Colorado is not one of the 28 states that require people to wear seat belts in the back seats of cars, according to the Governors Highway Safety Association, (GHSA). In fact, except for people under age 18 (for whom buckling up is a primary enforcement law), Colorado’s seat belt law is a secondary law, meaning that law enforcement officers can only issue a ticket for not wearing a seat belt if there is “another citable traffic infraction,” GHSA writes.
As this blog has written, “Advocates for Highway & Auto Safety, a national coalition of insurance, consumer, health, safety and law enforcement organizations, has urged Colorado lawmakers to pass a primary enforcement seat belt law, as Jeffrey Leib has reported for the Denver Post.” Seat belt laws are in the news following the recent traffic accident in which math genius John Nash Jr. and his wife, Alicia, were killed in a New Jersey taxi crash in which they were not wearing seat belts.
In an editorial appearing on NJ101.5, Steve Trevelise writes:
Much has been made about the fact that neither “Beautiful Mind” mathematician John Nash nor his wife were wearing seat belts when the cab they were riding in hit a guardrail ejecting them from the vehicle and killing them. The fact that the accident happened during the “Click It Or Ticket” campaign has also been brought up. One question I have is why weren’t they wearing it? Especially since New Jersey law requires seat belts for all passengers in the front and rear seats, one would think this would apply to passenger vehicles like cabs as well.
Inside Edition writes: “Experts hope that the deaths of the couple who inspired [the movie] A Beautiful Mind, will remind everyone yet again what’s at risk when they neglect to buckle up.” The Nash tragedy is just the latest car accident in the news in which people were killed or seriously injured when not wearing seat belts as passengers. In 1997, Princess Diana was not wearing her seat belt in the back seat of her chauffeured sedan in the crash that killed her, IE notes. 60 Minutes correspondent Bob Simon was not wearing his seat belt when he was killed in February on New York City’s West Side Highway while riding in the back seat of a Town Car; and actor/comedian Tracy Morgan was not wearing a seat belt when he suffered “grievous injuries” in a limo van that was struck by a Wal-Mart truck last summer, as IE writes.

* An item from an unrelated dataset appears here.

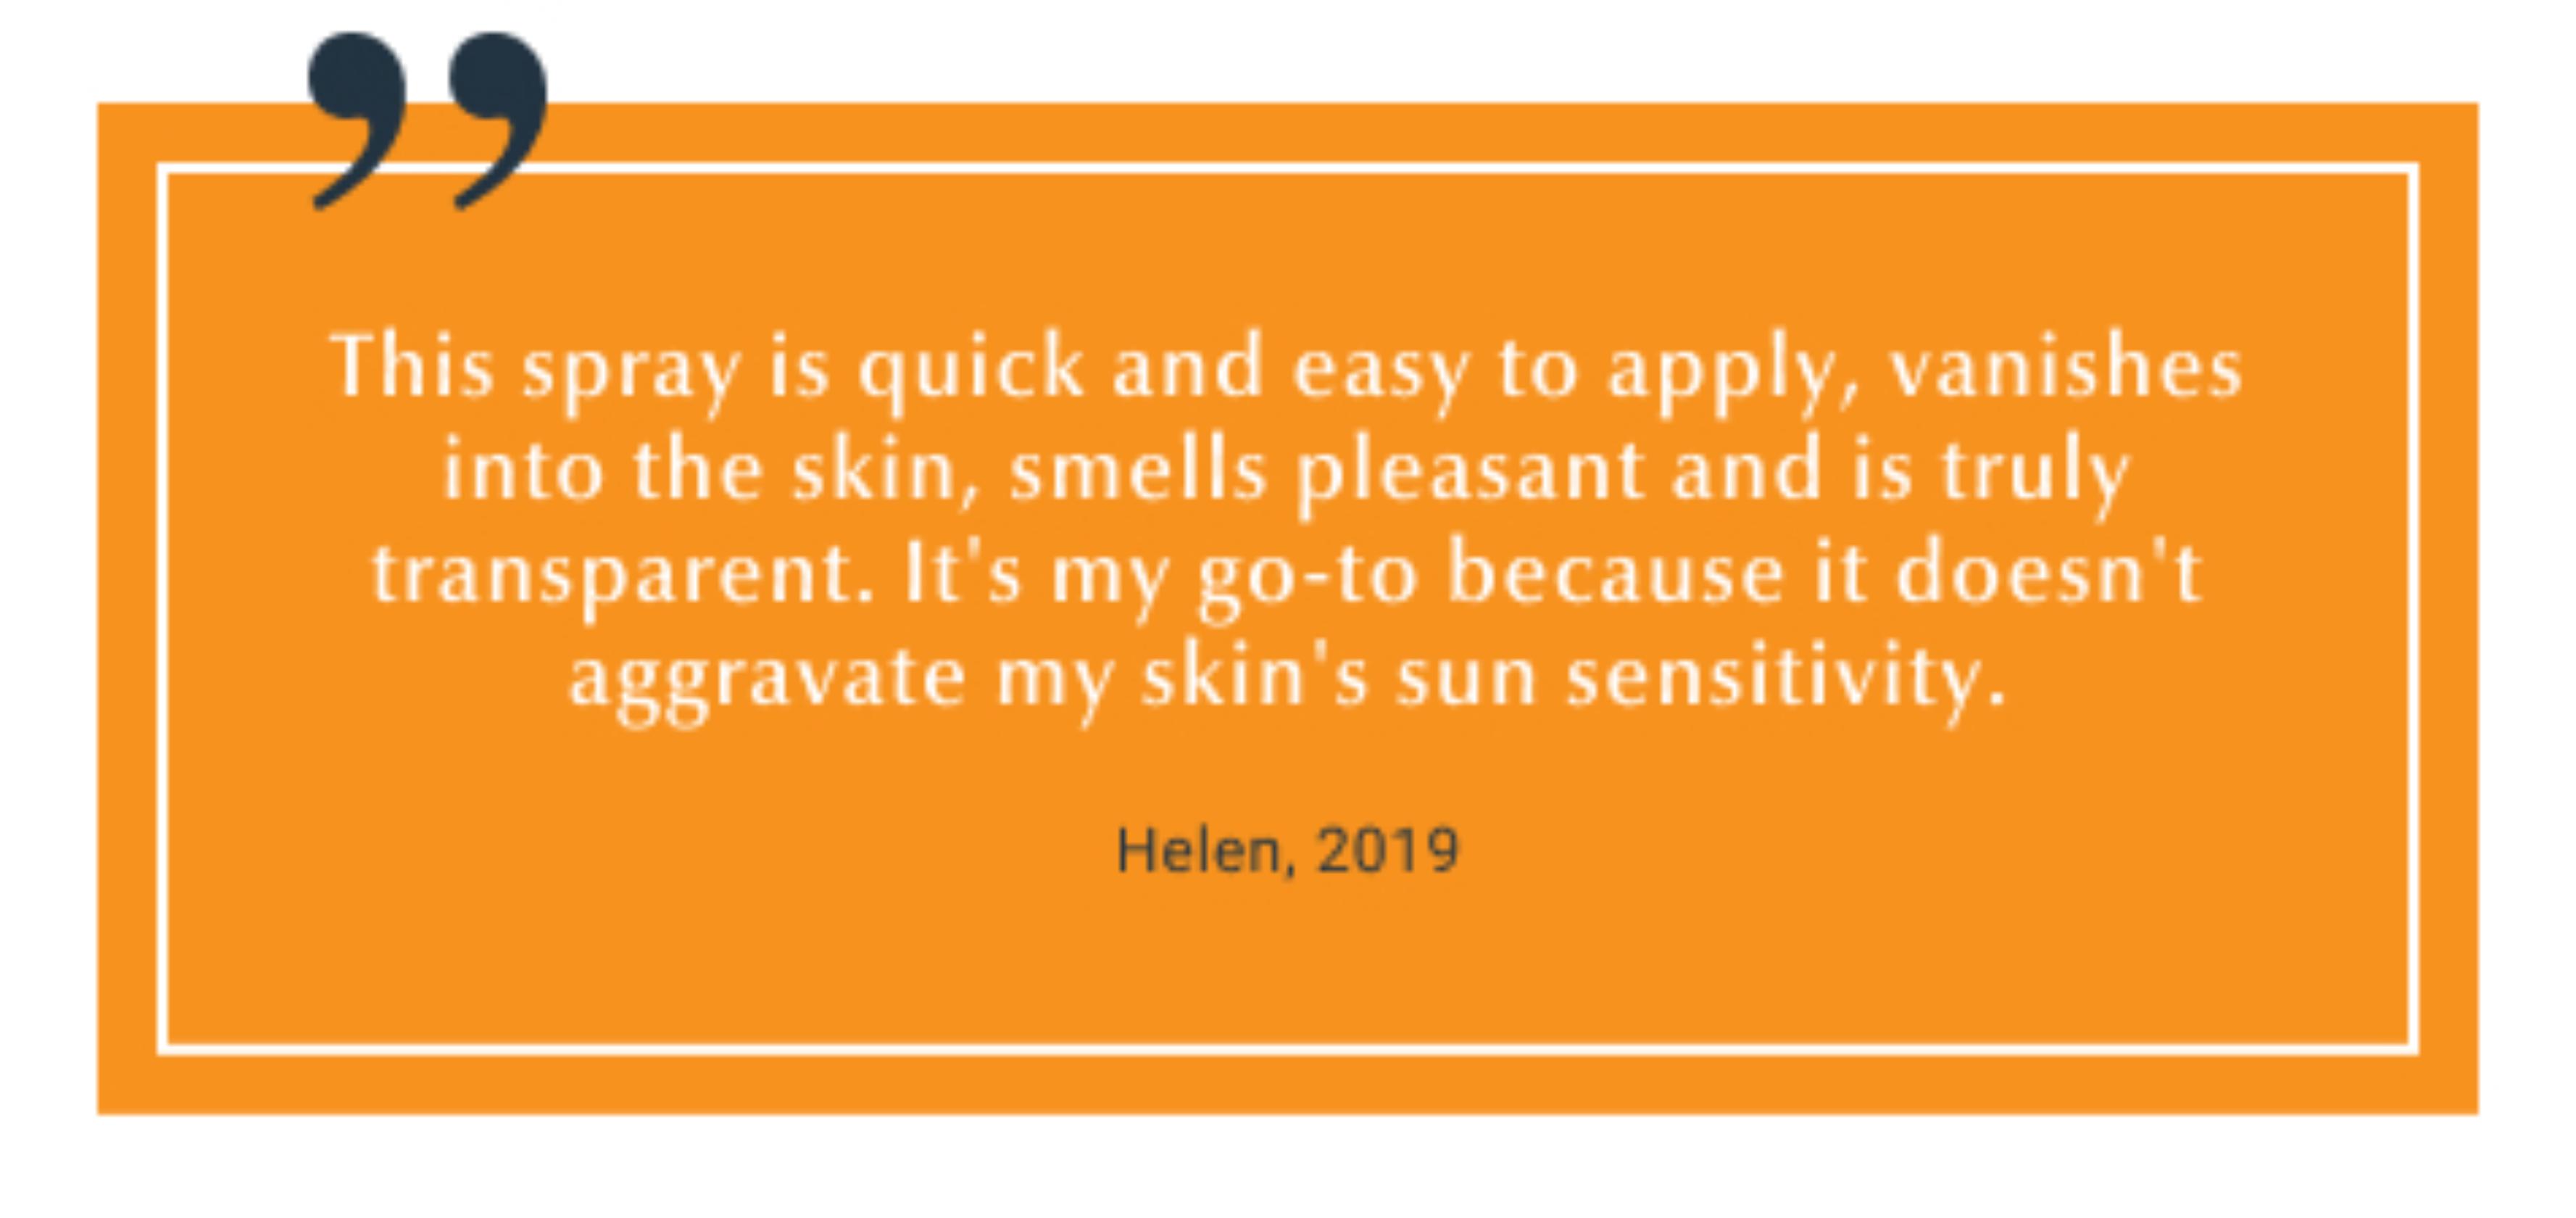 Eucerin Sun Sensitive Protect Spray Toucher Sec Transparent SPF50 200 ml

Some Coloradans have not been too welcoming of the Colorado Department of Transportation’s seat-belt billboard campaign, as Michael Roberts writes for Westword. The campaign features such phrases as “Life or Death,” “Windshield Ejection,” and “Brain Damage,” he notes. Visitors to CDOT’s Facebook page were not shy about airing their outrage about the campaign, Roberts writes. In addition to quoting several commenters who used harsh language, Roberts reports that one commenter wrote, “How about ‘Stop reading our signs and watch out for potholes we are not fixing because we spent all our money on signs.’ ” Another commenter wrote: “I don’t bother looking at lame signs, I barely look at street signs,” as Roberts reports.
Colorado’s “Click it or Ticket” campaign urging people to buckle up is not the only such campaign, of course. In Utah, the state Highway Patrol is asking people to wear seat belts after a deadly holiday weekend in which there were nearly 200 crashes in that state, including one fatality, as Kirsten Nuñez writes for Fox13now.com. And in Nebraska, the Department of Health and Human Services is launching a “Seat Belts Are No Accident” campaign featuring newspaper ads showing people buckling themselves or family members into seat belts while thinking of others, writes Jay Withrow for Omaha.com. Utah does have primary seat belt laws covering all ages and all seats of cars, GHSA reports. Nebraska has only a secondary seat belt law, and like Colorado’s, it requires only front seat passengers to buckle up, according to GHSA.